For "pxp_evlist" and "pxp_evpull" we are now prepared (note that we need now a 
"dtd" variable, as the DTD object knows the namespace manager). For "pxp_tree" 
and "pxp_vtree", it is required to use a namespace-aware specification: 

let spec = Pxp_tree_parser.default_namespace_spec 

(Normal specifications do not work, you would get "Namespace method not 
applicable" errors if you tried to use them.)

The special notation "<:autoscope>" enables namespace mode in this example: 

let list =
  <:pxp_tree<
    <:autoscope>
      <html:ul>
        [ <html:li>"Item1"
          <html:li>"Item2"
        ]
  >>

In particular, "<:autoscope>" defines a new O'Caml variable for its 
subexpression: "scope". This variable contains the namespace scope object, 
which contains the namespace declarations for the subexpression. "<:autoscope>" 
initialises this variable from the namespace manager such that it contains now 
a declaration for the "html" prefix.

In general, the namespace scope object contains the prefixes to use for the 
external representation. For this simple example, we have chosen to use the 
same prefixes as for the internal representation, and "<:autoscope>" performs 
the right initialisations for this.

Print the tree by 

list # display (`Out_channel stdout) `Enc_iso88591

The point is to call the "display" method and not the "write" method. The 
latter would not respect the display prefixes.  

Alternatively, we can also create the "scope" variable manually: 

let scope = Pxp_dtd.create_namespace_scope
              ~decl:[ "", "http://www.w3.org/1999/xhtml" ]
              mng;;
let list =
  <:pxp_tree<
    <:scope>
      <html:ul>
        [ <html:li>"Item1"
          <html:li>"Item2"
        ]
  >>

Note that we now use "<:scope>". In this simple form, this construct just 
enables namespace mode, and takes the "scope" variable from the environment.

Furthermore, the namespace scope contains now a different namespace 
declaration: The display prefix "" is used for HTML. The empty prefix just 
means to declare a default prefix (by xmlns="URI"). The effect can be seen when 
the XML tree is printed by calling the "display" method.

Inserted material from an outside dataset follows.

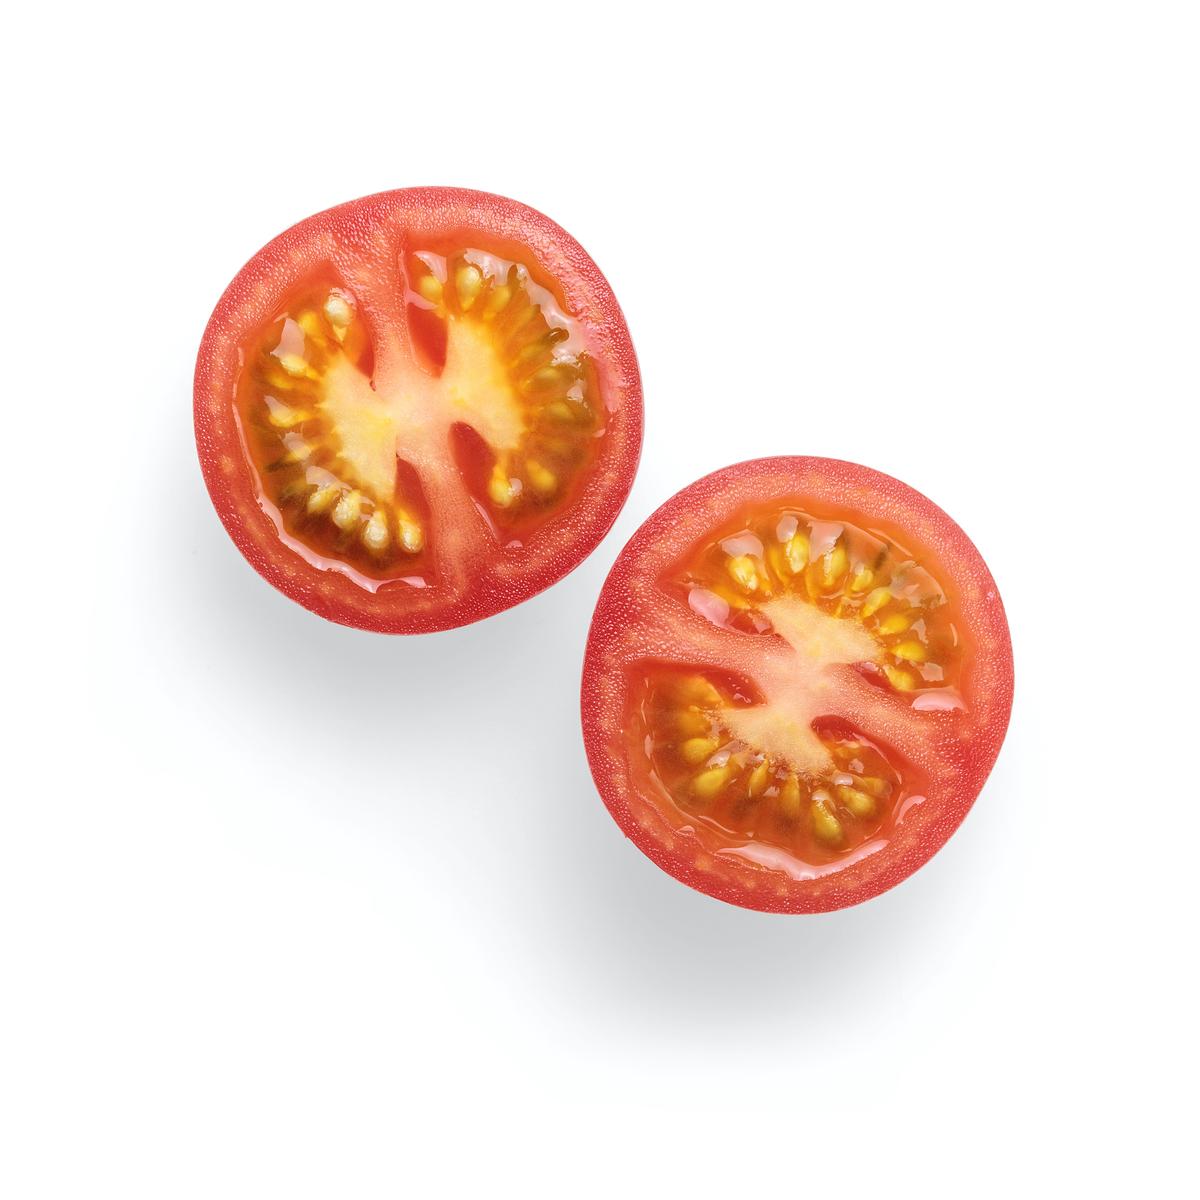 Image of tomato seeds on a white background ready for planting

Here is a third variant of the same example: 

let scope = Pxp_dtd.create_namespace_scope mng ;;
let list =
  <:pxp_tree<
    <:scope ("")="http://www.w3.org/1999/xhtml">
      <html:ul>
        [ <html:li>"Item1"
          <html:li>"Item2"
        ]
  >>

The "scope" is now initially empty. The "<:scope>" notation is used to extend 
the scope for the time the subexpression is evaluated.

There is also a notation "<:emptyscope" that creates an empty scope object, so 
one could even write 

let list =
  <:pxp_tree<
    <:emptyscope>
      <:scope ("")="http://www.w3.org/1999/xhtml">
        <html:ul>
          [ <html:li>"Item1"
            <html:li>"Item2"
          ]
  >>



It is recommended to create the "scope" variable manually with a reasonable 
initial declaration, and to use "<:scope>" to enable namespace processing, and 
to extend the scope when necessary. The advantage of this approach is that the 
same scope object can be shared by many XML nodes, so you need less memory.

One tip: To get a namespace scope that is initialised with all prefixes of the 
namespace manager (as <:autoscope> does it), define 

let scope = create_namespace_scope ~decl: mng#as_declaration mng



For event-based processing of XML, the namespace mode works in the same way as 
described here, there is no difference.